News Article

Cell Therapeutics: progress with lymphoma Drug
Date: Sep 24, 2012
Author: Saabira Chaudhuri
Source: MarketWatch ( click here to go to the source)

Featured firm in this article: CTI BioPharma Corp of Seattle, WA

Cell Therapeutics Inc. CTIC -5.36% said a study of its drug for patients with relapsed lymphoma has yielded positive results.

The phase 1 study of Cell Therapeutics' highly selective oral JAK2 inhibitor pacritinib showed encouraging anti-tumor activity and good tolerability in 34 patients with relapsed or refractory lymphoma.

"This phase 1 study suggests the potential therapeutic value of targeting the JAK2 pathway in lymphomas with encouraging single agent activity demonstrated despite the extensive degree of prior therapy and refractory nature of the disease among the patients who were enrolled in this trial," noted Chief Medical Officer Steven E. Benner.
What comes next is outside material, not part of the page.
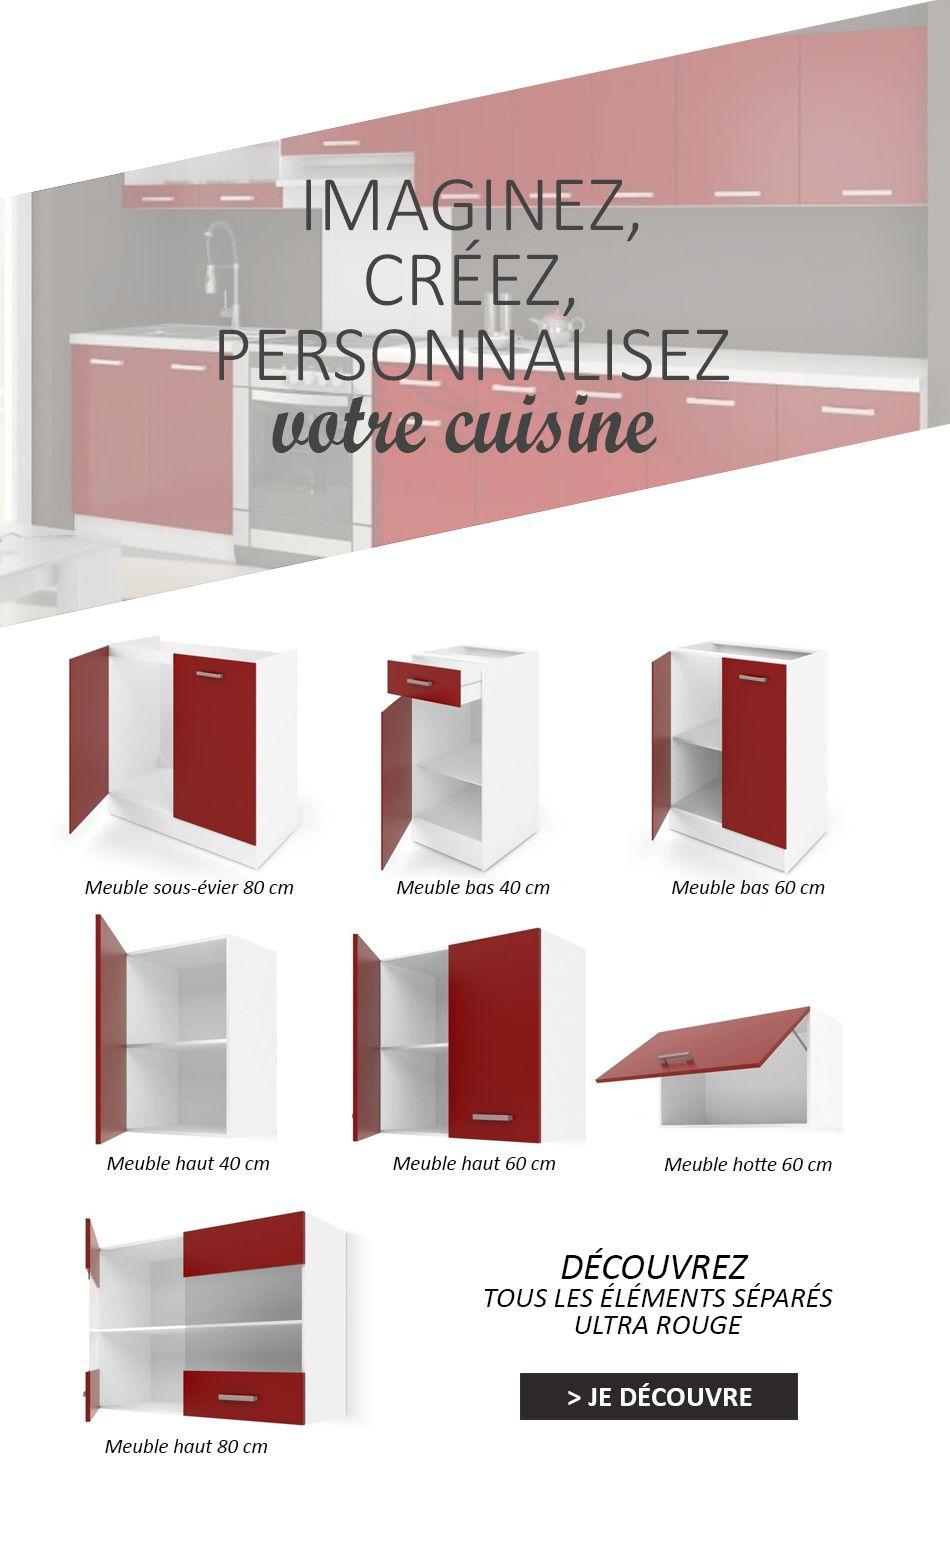 Meuble bas profondeur 40 cm amazing charming meuble bas cuisine cm profondeur with meuble bas - Meuble bas cuisine profondeur 40 cm ...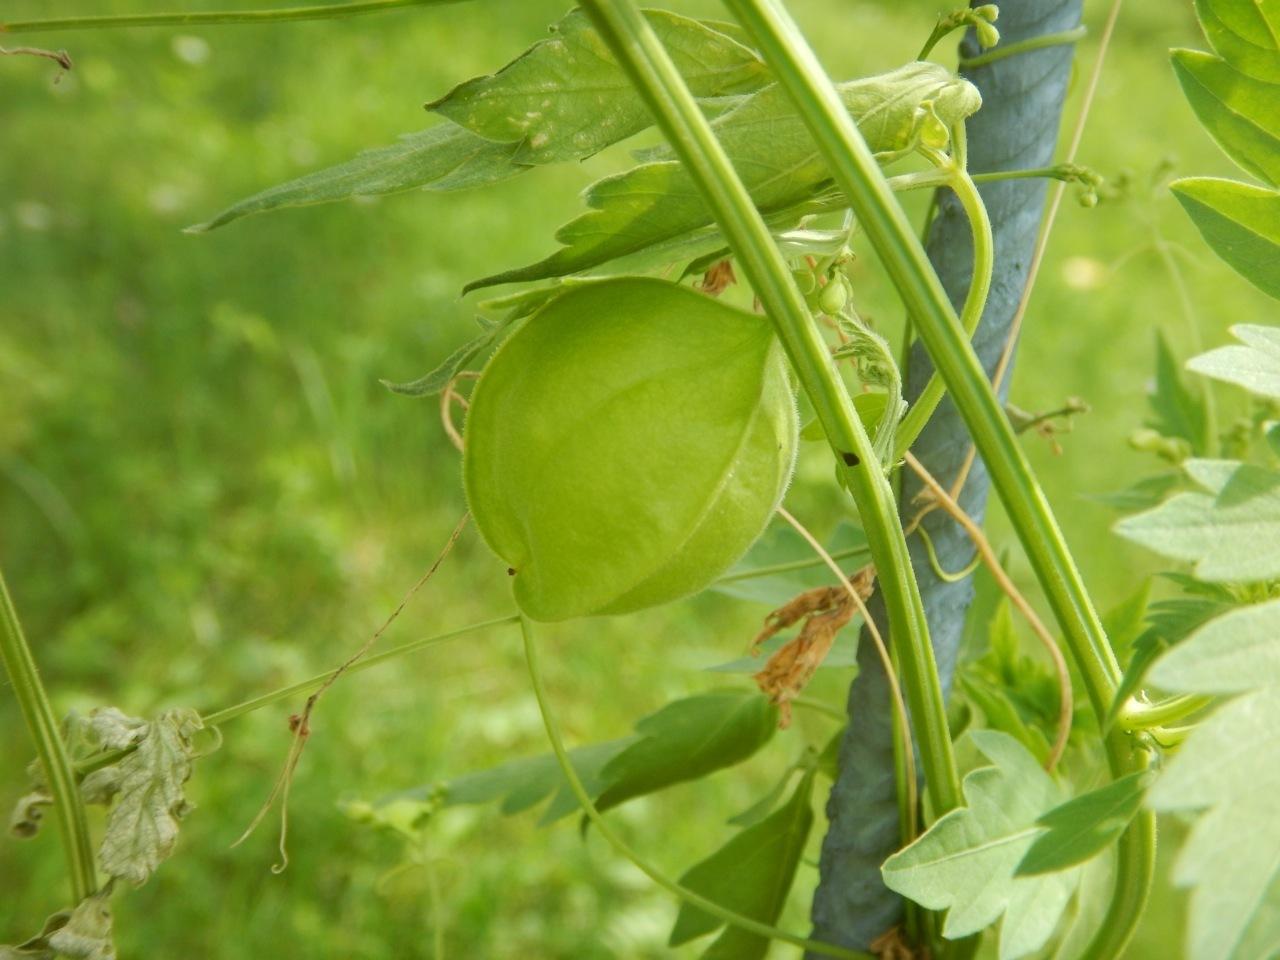 Ballonrebe indische Schlingpflanze Mönchsköpfchen Kanphuti Ballonwein Herzsame

Pacritinib is an oral, once a day, tyrosine kinase inhibitor that works against mutations in kinases that are directly related to the development of a variety of blood-related cancers including Myeloproliferative disorders, leukemia and lymphoma. The drug company noted that pacritinib has demonstrated encouraging results in phase 1 and 2 studies for patients with myelofibrosis and a phase 3 study is planned in this disease.

Lymphoma is a cancer of the white blood cells, namely lymphocytes, which constitute the lymphatic system. Lymphoma occurs when lymphocytes grow abnormally. The two main types of lymphoma are Hodgkin lymphoma and non-Hodgkin lymphoma.

The study reported Monday enrolled 35 patients with relapsed or refractory Hodgkin's or non-Hodgkin's lymphoma. Patients had relapsed following a median of five prior therapies.

The results of the latest study come after Cell Therapeutics in May won conditional authorization to market Pixvuri--its treatment for non-Hodgkin B-cell lymphomas--in the European Union.

The approval represented a victory for Cell Therapeutics, which in January had to withdraw Pixvuri's new drug application in the U.S. The drug maker said the delay would give it more time to prepare for a second U.S. Food and Drug Administration committee review.

Last year, an FDA panel unanimously rejected Pixvuri, saying there wasn't enough clinical evidence to show the drug worked.

Shares closed at $2.72 Friday and were inactive premarket. The stock has fallen 53% so far this year.